My research interests focus on the effects of climate change, specifically ocean acidification, on scleractinian corals. For my M.S. at the University of Rhode Island, Graduate School of Oceanography I studied changes in coral calcification rates over the past century, incorporating geochemical analysis to estimate past sea surface temperature and salinity.
My PhD research focused on the effect of increasing atmospheric carbon dioxide, and the ensuing ocean acidification, on coral growth rates.
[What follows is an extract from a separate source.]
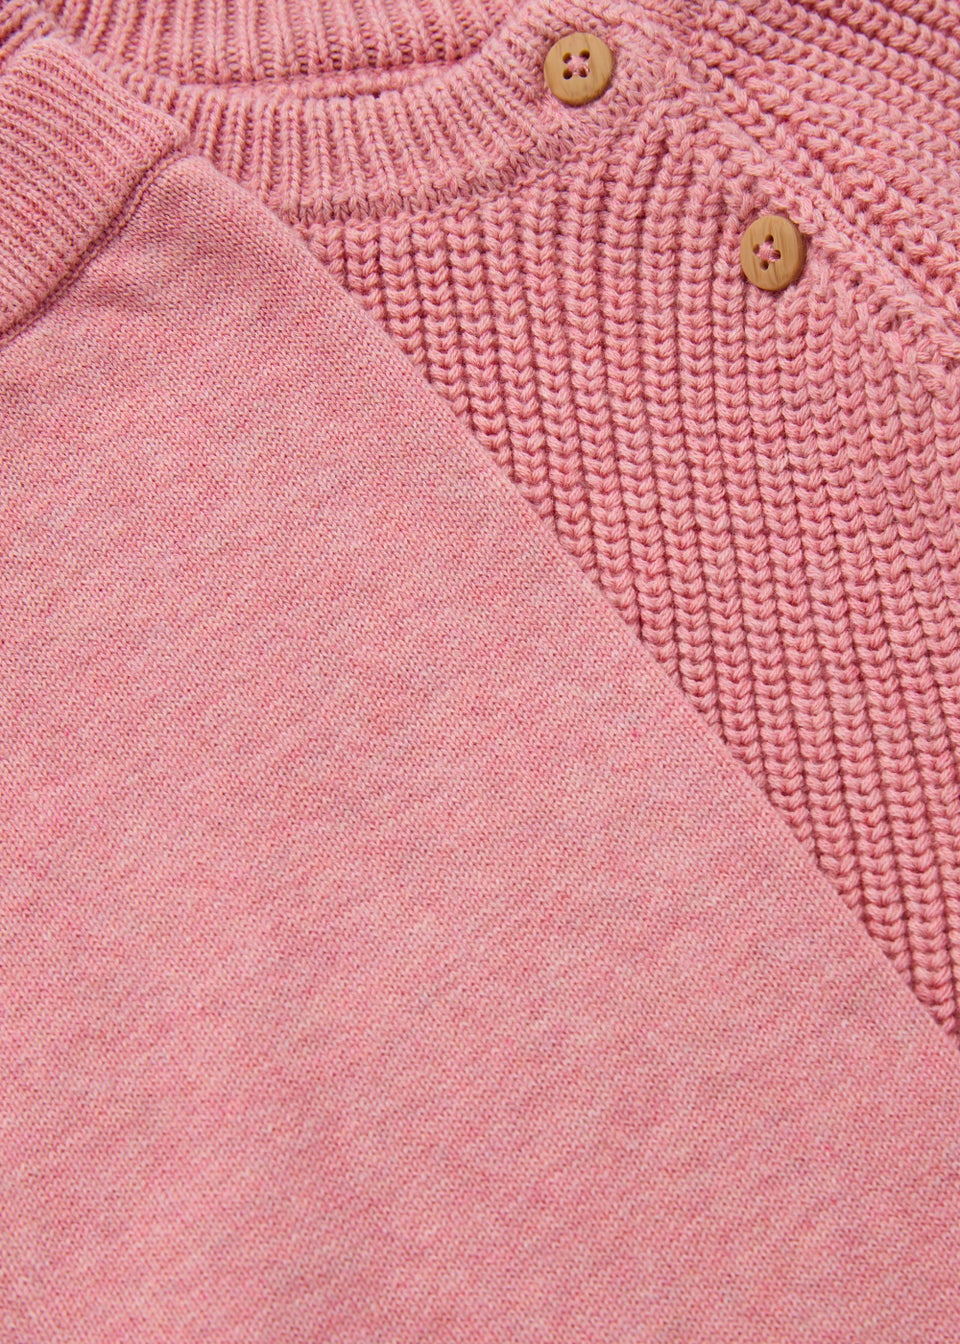 Sweatshirt and Joggers - Pink melange - Kids
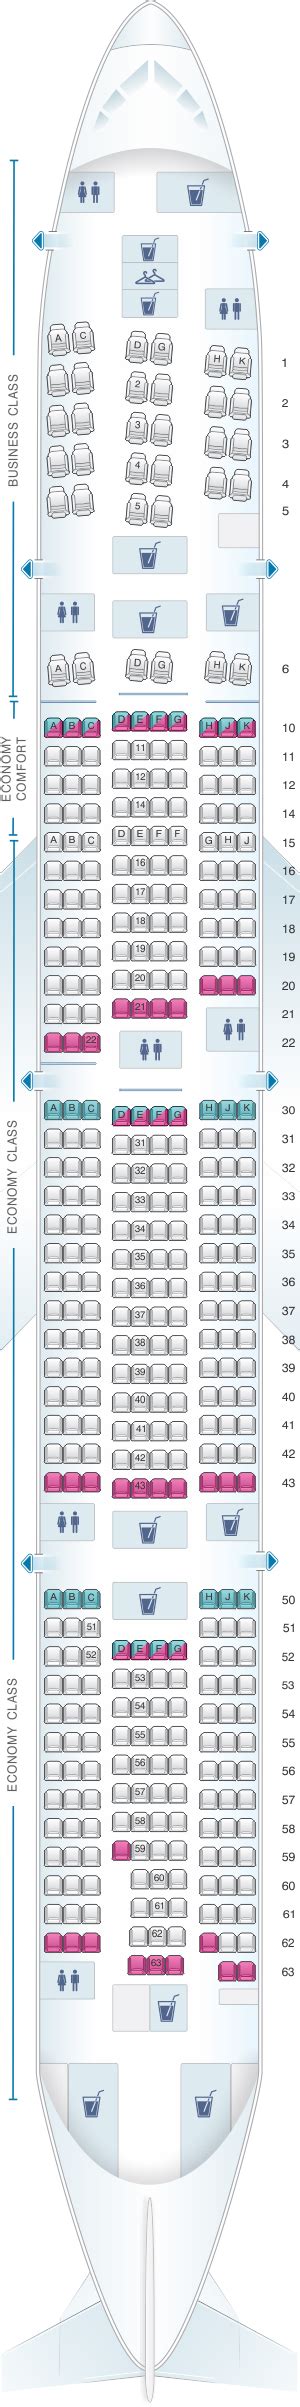 Klm Boeing 777 200 Seat Map Tutor Suhu

Specifically I applied a new radiochemical tracer to help estimate growth-rates of large scale coral communities. I also looked at calcification rates of individual coral colonies at intra-annual and diurnal timescales. Methods for assessing these rates included seasonal calcein dye staining and subsequent coring of individual colonies and diurnal in situ incubations of coral nubbins. My research was conducted in Bermuda, in affiliation with the Bermuda Institute of Ocean Science (BIOS), which provided a unique opportunity to study growth-rates of a threshold coral community that is expected to be affected first by changes in ocean chemistry attributed to global climate change.
Currently I an interested in exploring the mechanisms that are controlling observed changes in coral and net ecosystem calcification rates. I hope to quantify the impact of temperature, light, nutrients, and aragonite saturation states on measured changes in coral calcification rates with in vitro experiments and apply these relationships in situ to better understand what mechanisms are controlling observed seasonal and diurnal changes in coral growth rates. This information may help us understand what impact projected changes in temperature, light, nutrients and CO2 will have on coral growth rates.